Bulk operation failing to index first document without attachment field

russinholi · August 12, 2020, 7:08pm

Hi all I'm using Elasticsearch 7.8 and I'm having an weird situation while using bulk operation to index some documents, that might have or not attachment the them, like if run the following command:

curl -X POST "localhost:9200/_bulk?pretty" -H 'Content-Type: application/json' -d'
{"index":{"_id":"1","_index":"t1"}}
{"active_user":false,"content":"Something I wrote", "document_id":"1","topic":"Test1"}
{"index":{"_id":"2","_index":"t1'"}}
{"active_user":false,"content":"Something I wrote", "document_id":"2","topic":"Test2"}
{"index":{"_id":"3","_index":"t1'","pipeline":"attachment"}}
{"data":"<BASE64ENCODEDPDFFILE>", "document_id":"3","topic":"Test PDF"}
`

I get this error on ES log:

{"type": "server", "timestamp": "2020-08-12T19:00:50,149Z", "level": "DEBUG", "component": "o.e.a.b.T.BulkRequestModifier", "cluster.name": "docker-cluster", "node.name": "4e71dc30d5e2", "message": "failed to execute pipeline [_none] for document [t1/_doc/1]", "cluster.uuid": "3YRzz0W_RvGuSiJrIGC3GQ", "node.id": "qlGXQX8uRXum5ZGd9rdPcQ" , 
"stacktrace": ["org.elasticsearch.ingest.IngestProcessorException: ElasticsearchParseException[Error parsing document in field [data]]; nested: 
TikaException[TIKA-198: Illegal IOException from org.apache.tika.parser.pdf.PDFParser@565cd0c5]; nested: IOException[Page tree root must be a dictionary];"

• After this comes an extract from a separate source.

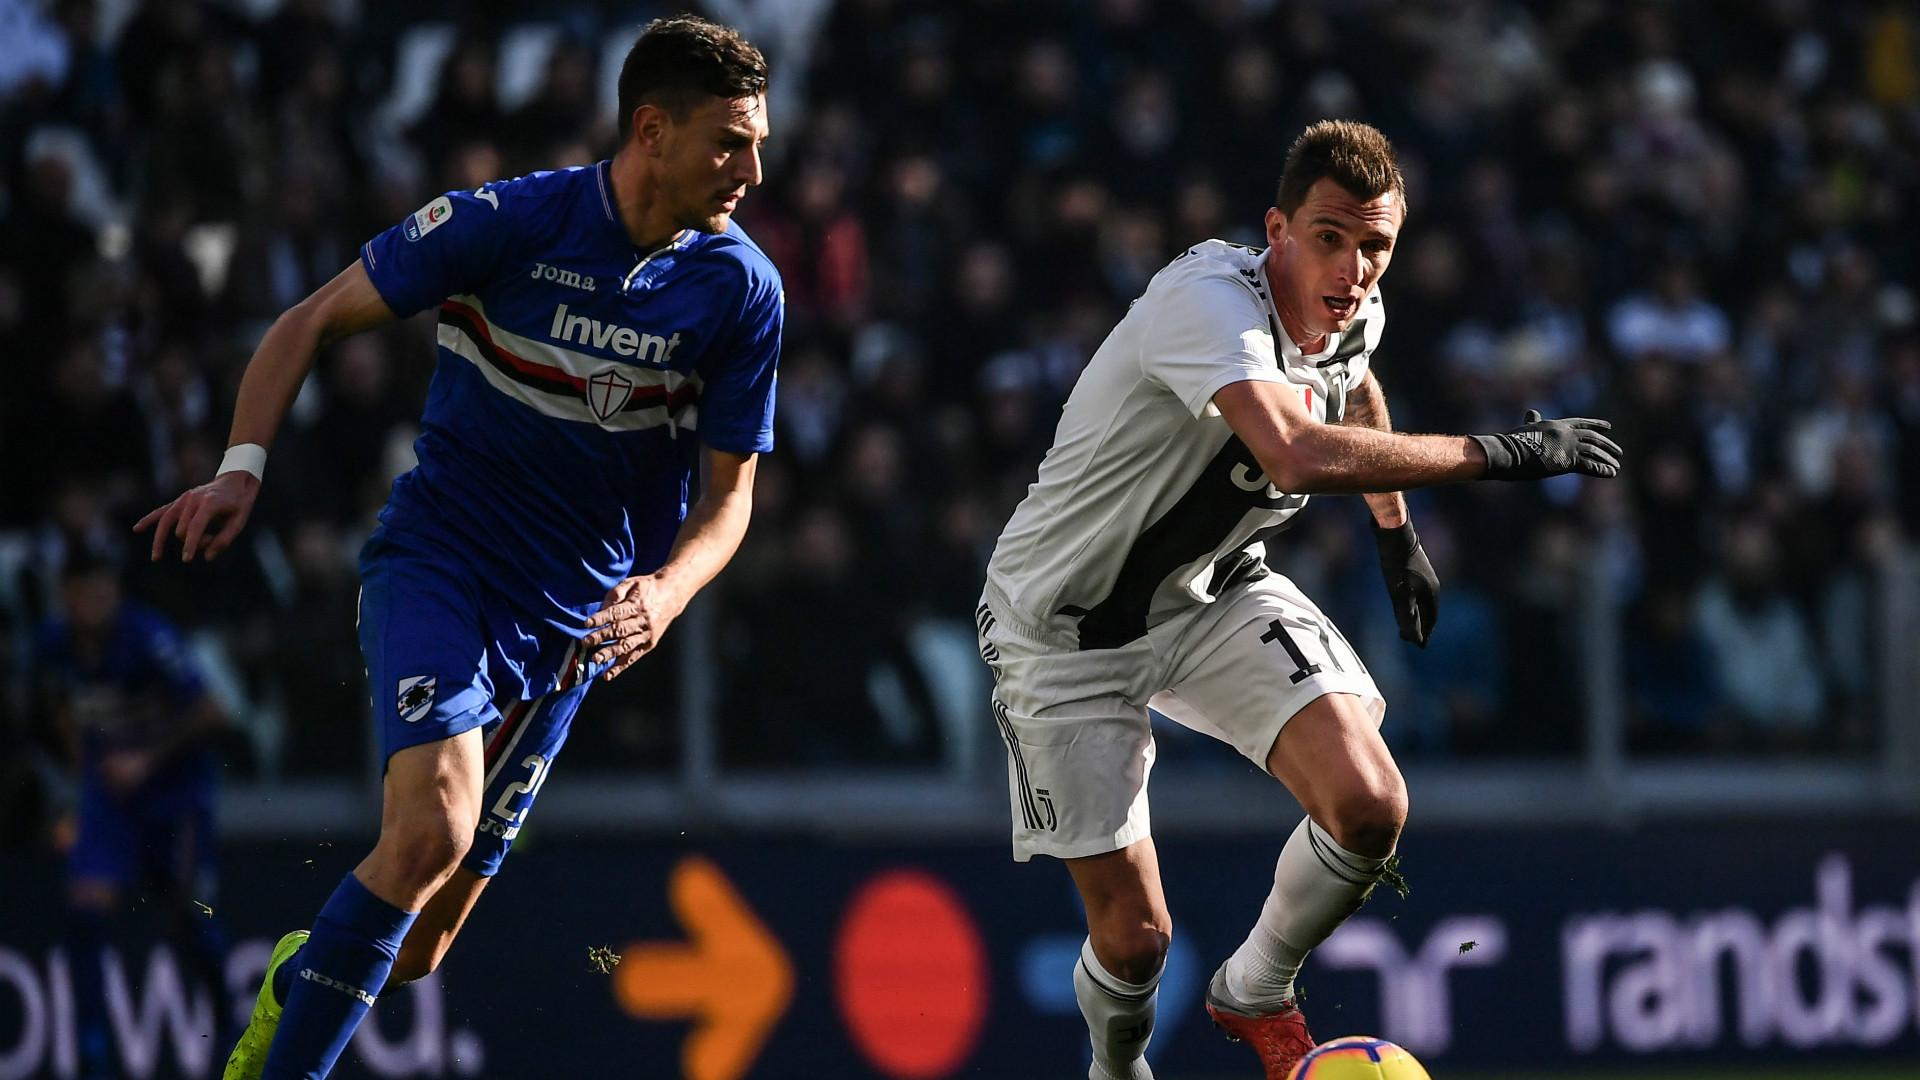 Genoa vs sampdoria betting preview goal sp in betting

Except for the first document the others 2 are indexed successfully, and it seems like it's waiting a "data" field on the first document, but if I remove the first document the second one raised the same error.

And if I index the first document separated alone on another bulk operation it gets indexed normally.

So it seems to be a problem mixing attachments with other documents.

Can someone help me to understand what I'm doing wrong?

dadoonet · August 12, 2020, 7:56pm

IMO this should be reported as a bug. We should not send an empty content to Tika.

That being said, you can add a on_failure parameter to your pipeline to catch the exception and index the document as is. See https://www.elastic.co/guide/en/elasticsearch/reference/7.8/handling-failure-in-pipelines.html

Christian_Dahlqvist · August 12, 2020, 7:57pm

This is as far as I can tell an existing bug.

dadoonet · August 12, 2020, 8:01pm

Ha right. My answer is wrong

system · September 9, 2020, 8:01pm

This topic was automatically closed 28 days after the last reply. New replies are no longer allowed.